Monday, November 19, 2007

Wal-Mart – Pariah to Pleasantville

This is for all of those people who constantly write to me or write comments to my essays that no one can make a difference. Who would have thought that the biggest corporate pariah could be moved? I know I didn’t, even those who were on the front lines of this thing had given up. It seems that Wal-Mart is moving away from its previous stance concerning health insurance for its employees, to a more nuanced approach. Wal-Mart was notorious among major employers for its lack of a comprehensive health insurance plan to cover its employees at a price they could afford. It looked like Wal-Mart could deliver the lowest prices on everything except health insurance premiums for its employees.

The company, according to data available for the first time, is offering better coverage to a greater number of workers.
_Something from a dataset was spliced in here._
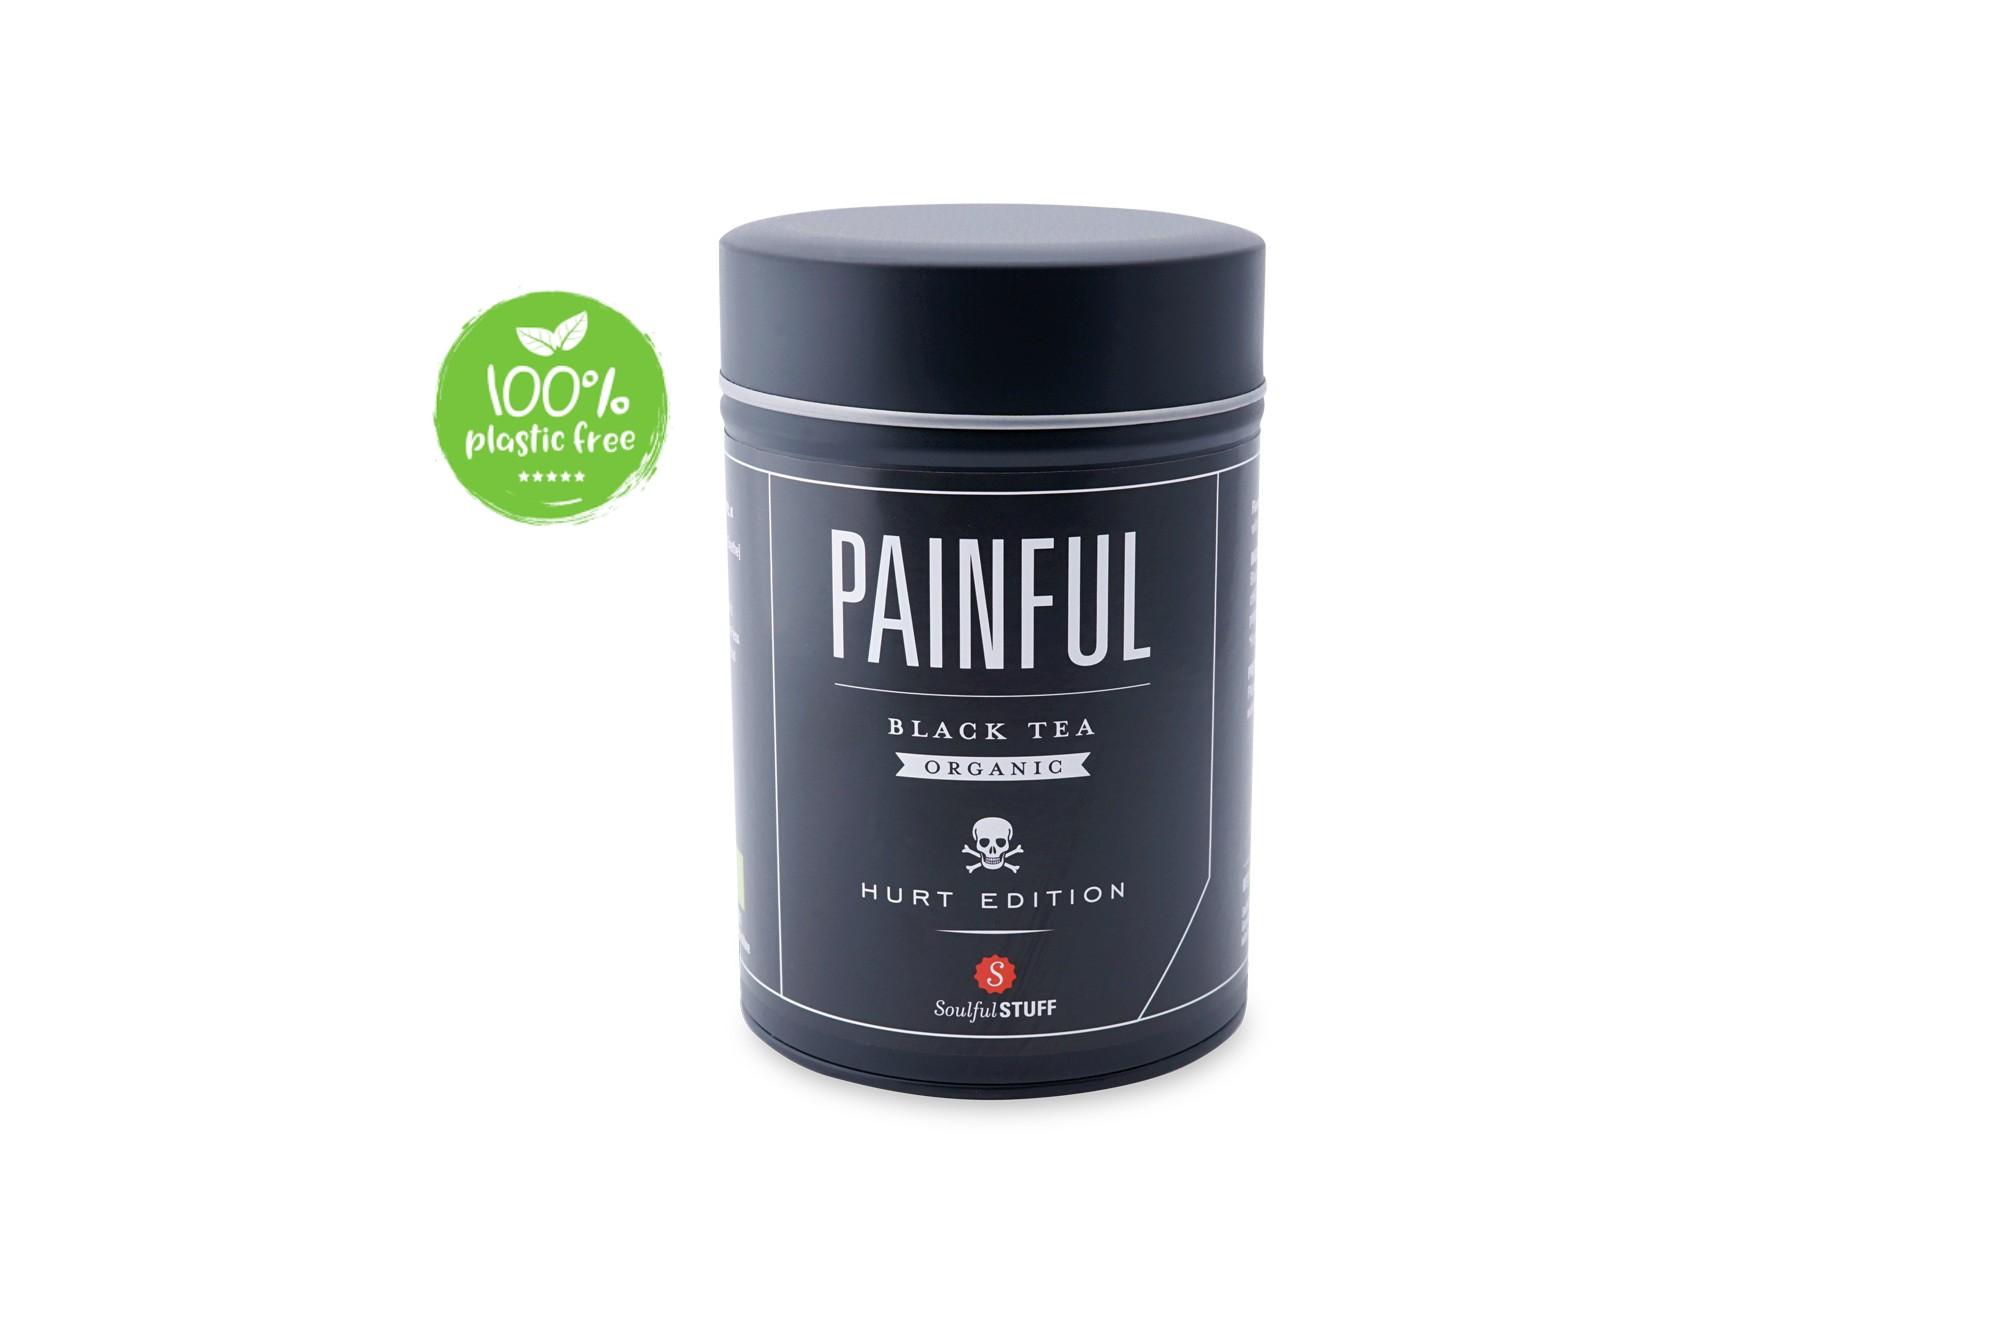 Painful Black Tea Organic Blik 160gr. Intertee

Wal-Mart, the nation’s largest private employer, provides insurance to 100,000 more workers than it did just three years ago — and it is now easier for many to sign up for health care at Wal-Mart than at its rival, Target, whose reputation glows in comparison.
Wal-Mart has hardly become a standard-bearer for corporate America: it still insures fewer than half its 1.4 million employees in the United States
.
[1]

Because of the pressure and the damage to its corporate brand especially among state legislatures, many of whom were preparing or had passed legislation to force Wal-Mart to upgrade its insurance plans, Wal-Mart has found it now to be in its best corporate interest to begin the process of implementing a more affordable and less onerous plan.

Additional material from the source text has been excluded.